Every salaried employee has to contribute a small part their salary to Employees provident fund (EPF). And get fixed interest rate in return. Interest rate 8.8% is fixed for this Financial Year 2016-2017.Employee Provident Fund Organization has to pay this fixed Return compulsorily to the investors, no matter what is the return organization is receiving. Due to this condition many a times EPFO could bear some losses.
To cure it from this situation EPFO has been permitted to invest in equity and equity linked instruments up to 15% of its collected fund. Permission has been granted since August 2015. EPFO is currently investing only 5% of its fund in equity. 5% of the Employees provident fund is equivalent to the amount of Rs. 7,500 crore.

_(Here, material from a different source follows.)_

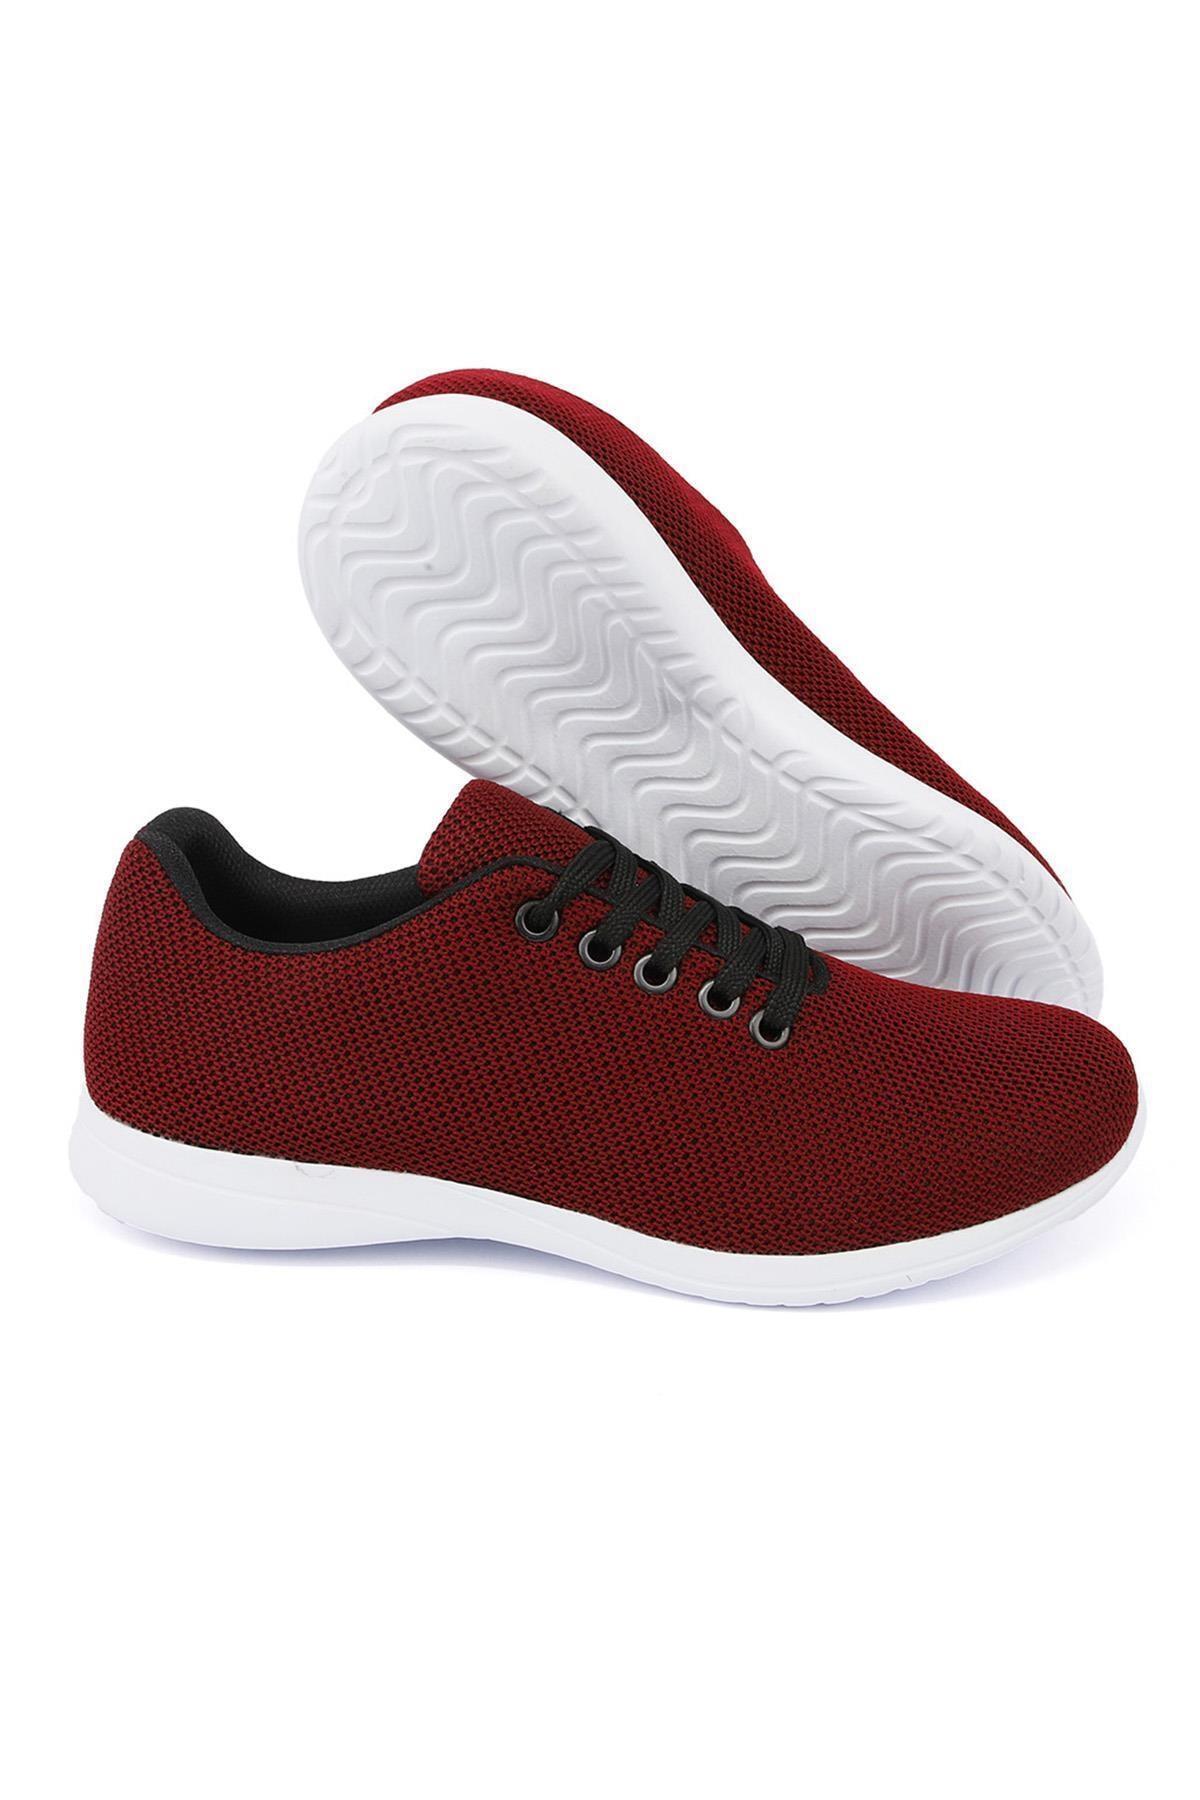 LETOON 2065 Kadın Günlük Ayakkabı 1

Till now this investment has been generated up to 12% return of approximately 12%, disclosed by the labor secretary.
Remaining 95% fund has been invested in Government securities and generated the return of about 7.5% to 8%..If capital market is giving such a good return to the Employees Provident Funds, this will help in increase the return to the employees.
EPFO is long term investment fund this feature of EPFO yield better return by investing in equity. In long-term equity is the surest way to beat the inflation and give better return.But Investors of the EPFO are worrying about the decision of investing in capital market because it is a general tendency that equity is more volatile market and there is a high risk in investing in capital market.

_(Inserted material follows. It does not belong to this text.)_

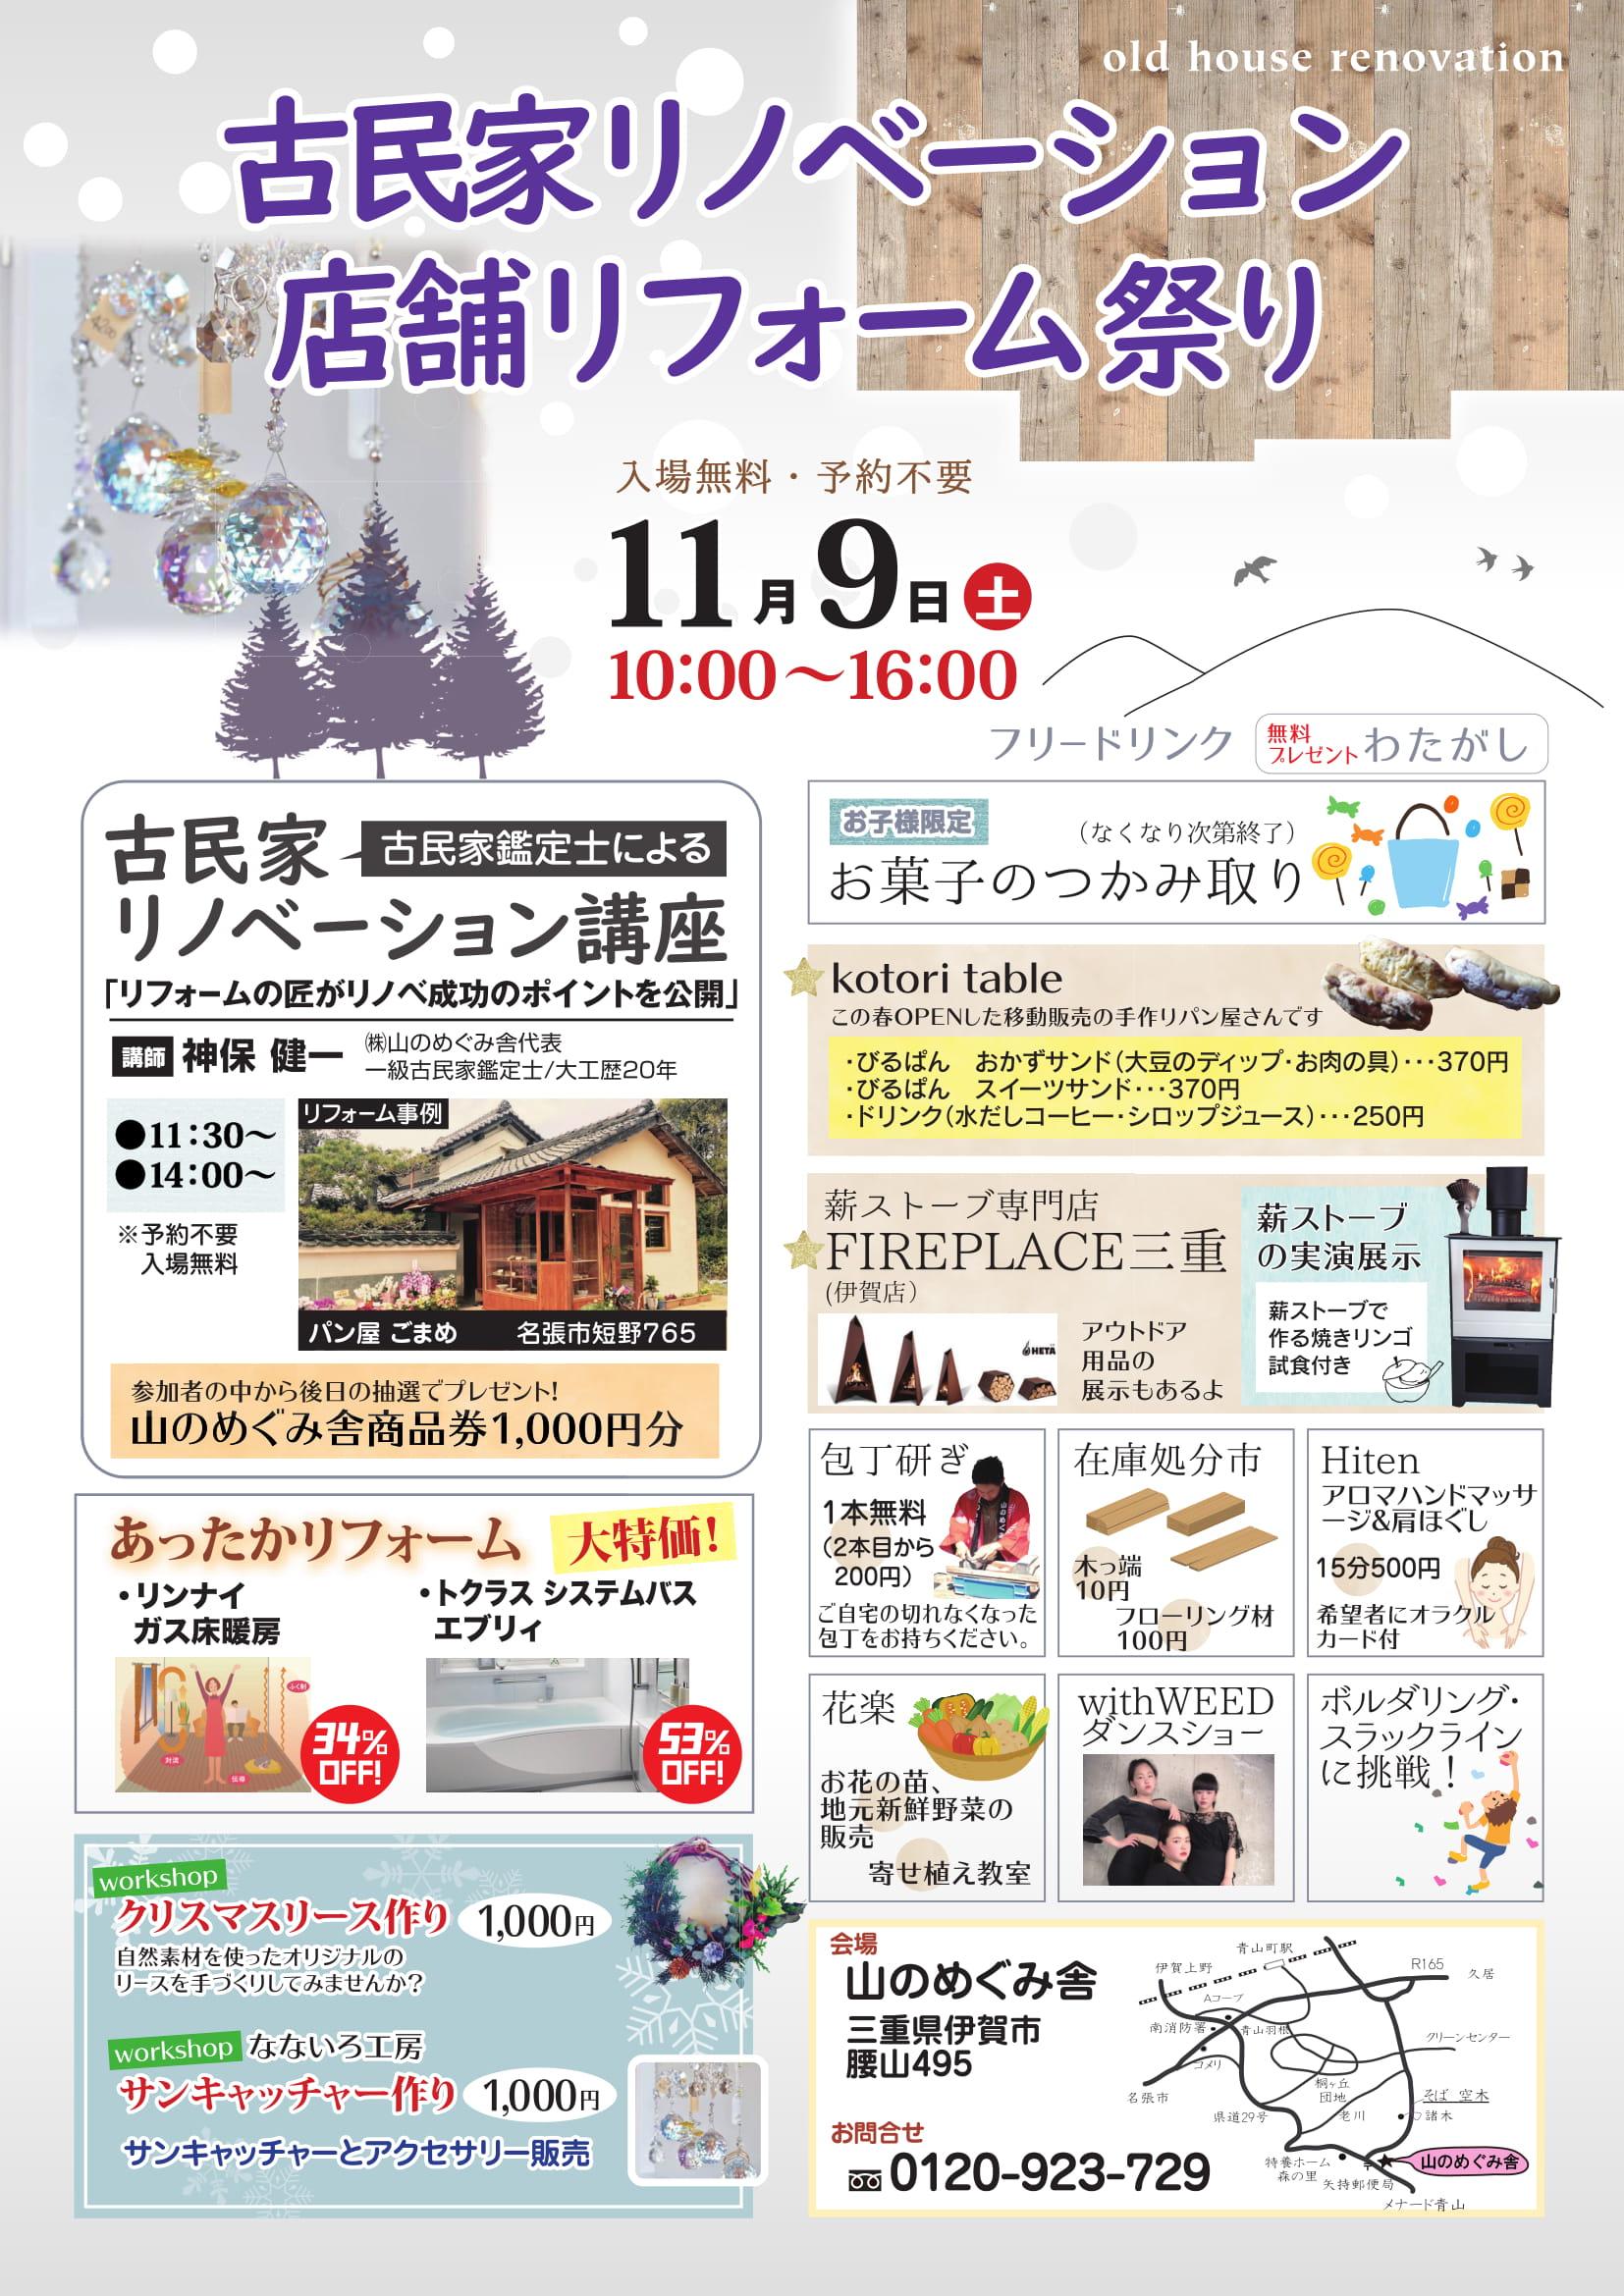 古民家リノベーション祭り&店舗リノベーション相談会

Data shows that the average inflation last year was 5.05% and Employees Provident Fund is a long-term investment instrument so it averages out the cycle of high and low inflation and gives better return.To earn more than the average return equity should be a part of almost every long-term investment. And Employee Provident Fund is a long-term investment avenue.
As of now Equity to debt portion of Employees Provident Fund is 10:90, and Employee Provident Fund is investing only 5% of its fund. In future this percentage can vary up to 15%. But to increase the equity base more than the range of 5% to 15% will not be the good idea. This will increase the risk to the fund.
Equity and debt cover the negativity of each other so it is better combination for every long-term investment avenues. The reason is Debt fund and interest rates are negatively correlated to each other, so when interest fall equity performs well and cover the loss portion of Debt fund and vice-versa. Pension funds also invest in the combination of equity and debt.